Professor Greg Neely helped discover potential antidotes for jellyfish stings and mushroom poisoning.Credit: the university of sydney
The cells that survive provide clues as to which genes interact with the toxin.
Neely and her team used CRISPR detection in 2019 to develop a potential treatment for the excruciating and often fatal sting of a box jellyfish.
The screening revealed that the box jellyfish’s venom needs the body’s cholesterol to function. Neely’s team used this knowledge to develop an antidote from existing cholesterol-lowering drugs, which blocked the venom’s ability to kill cells, inflict pain, and cause tissue death and scarring.
Similarly, the study of the death cap, published in nature communications, analyzed the role of more than 19,000 genes and identified an enzyme called STT3B that is key to amanitin toxicity in the body.
The ICG dye binds to STT3B, which blocked the enzyme’s activity and halted the toxic effect of the kill plug in laboratory-grown liver cells and in mice when administered within four hours of poisoning.
Neely said the disclosure has the potential to save many lives.
“I think this is a really awesome application of CRISPR detection.
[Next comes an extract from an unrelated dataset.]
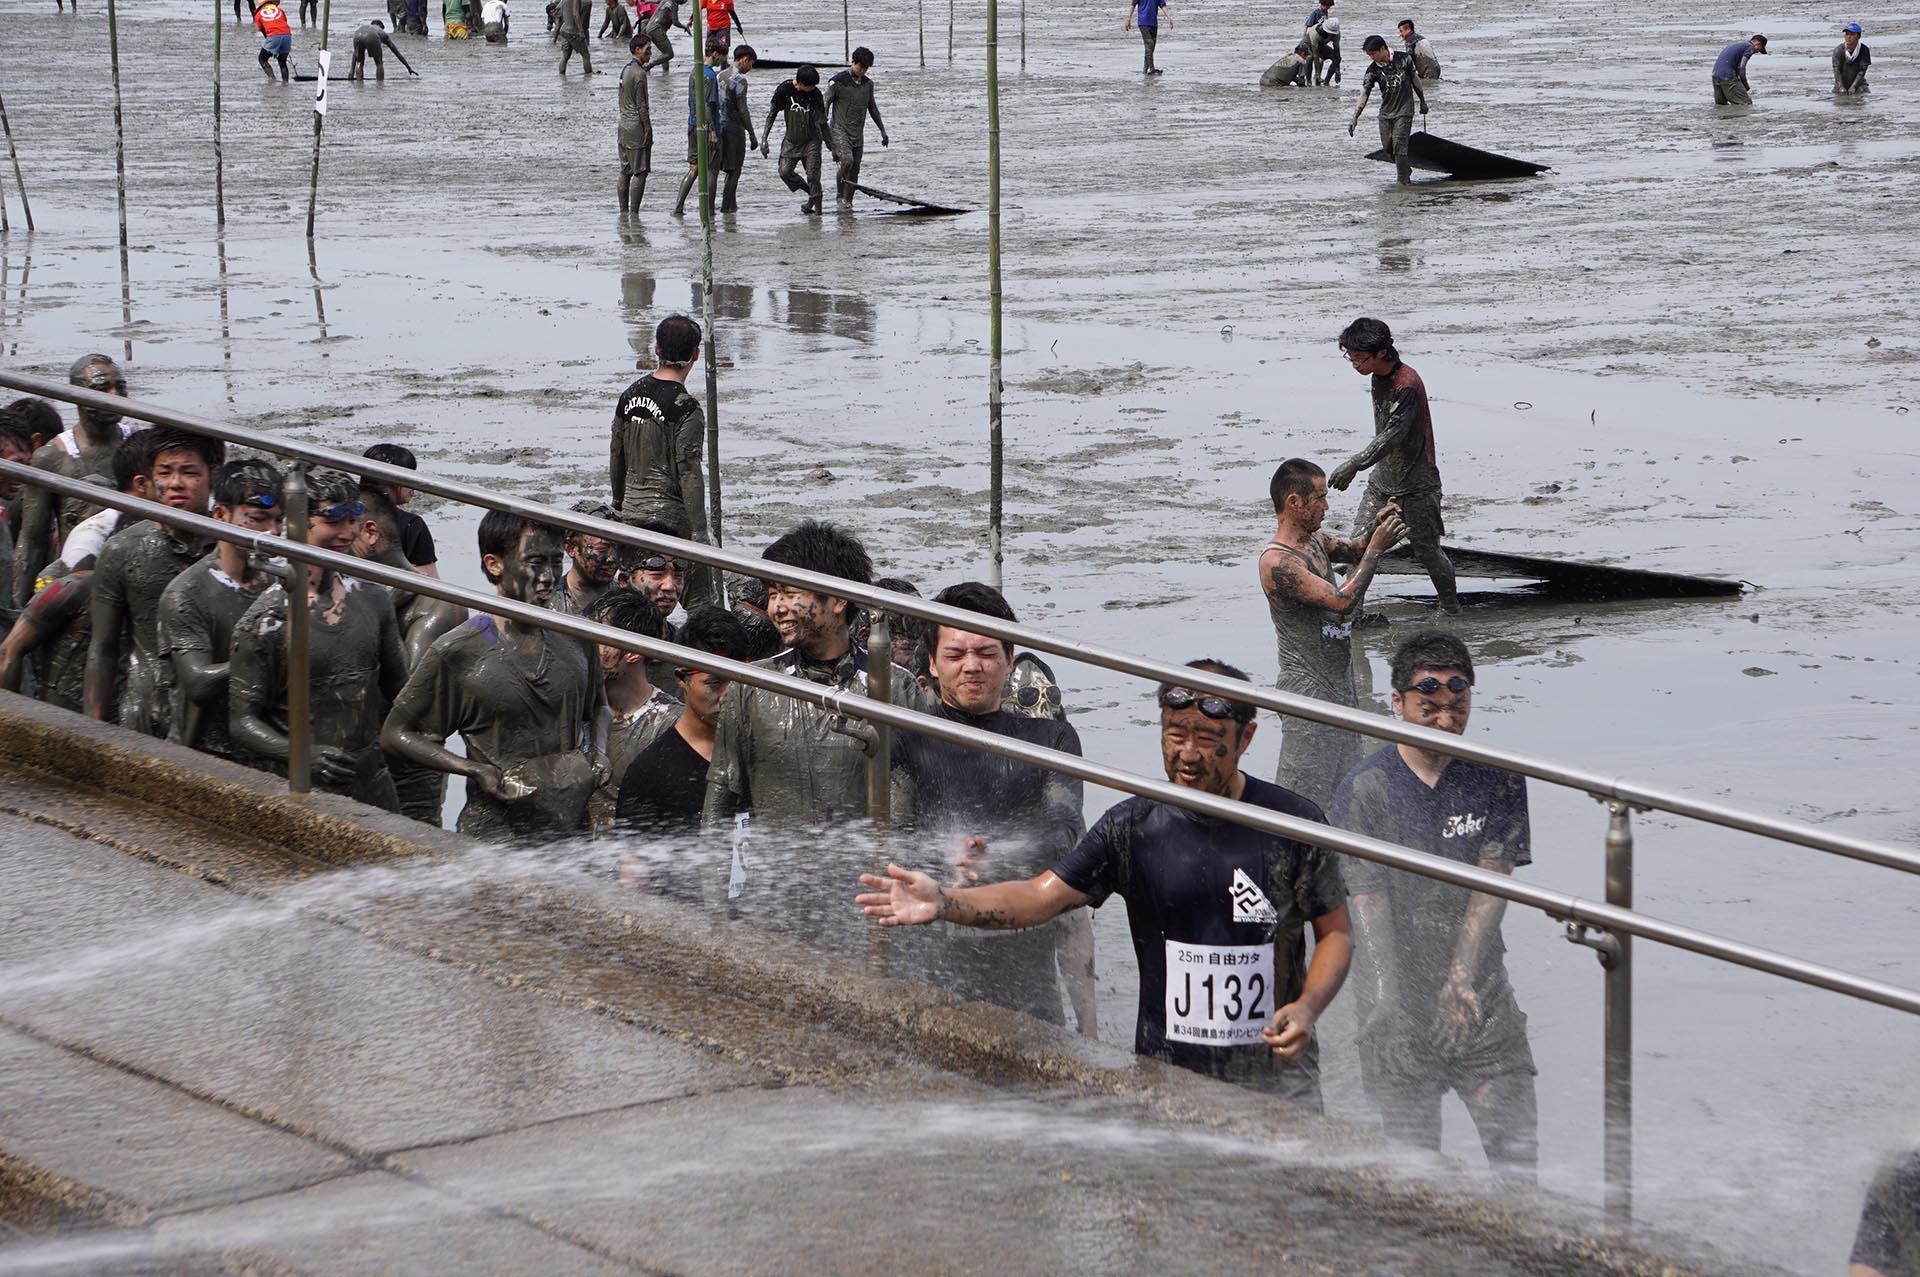 ガタリンピック終了後のシャワー

My feeling was that it would be quite difficult to find an antidote for such a potent toxin,” she said.
“The next step would be to test in humans, and this type of test will be difficult to establish due to the rarity of this type of poisoning. I think China could be the perfect country to be able to manage human trials of this antidote, so I’m looking forward to seeing what happens next.”
Charging
There were 40,000 mushroom poisonings and 788 reported deaths in China between 2010 and 2020. Death caps closely resemble straw mushroom, a species commonly cooked in Asian kitchens.
At least six people have died of poisoning in Australia, including two Canberrans who ate the toxic mushroom at a New Year’s Eve dinner in 2012. The mushrooms sprout in autumn and early winter after rain and grow in symbiosis with oak trees, the most commonly in Canberra, Melbourne and Adelaide.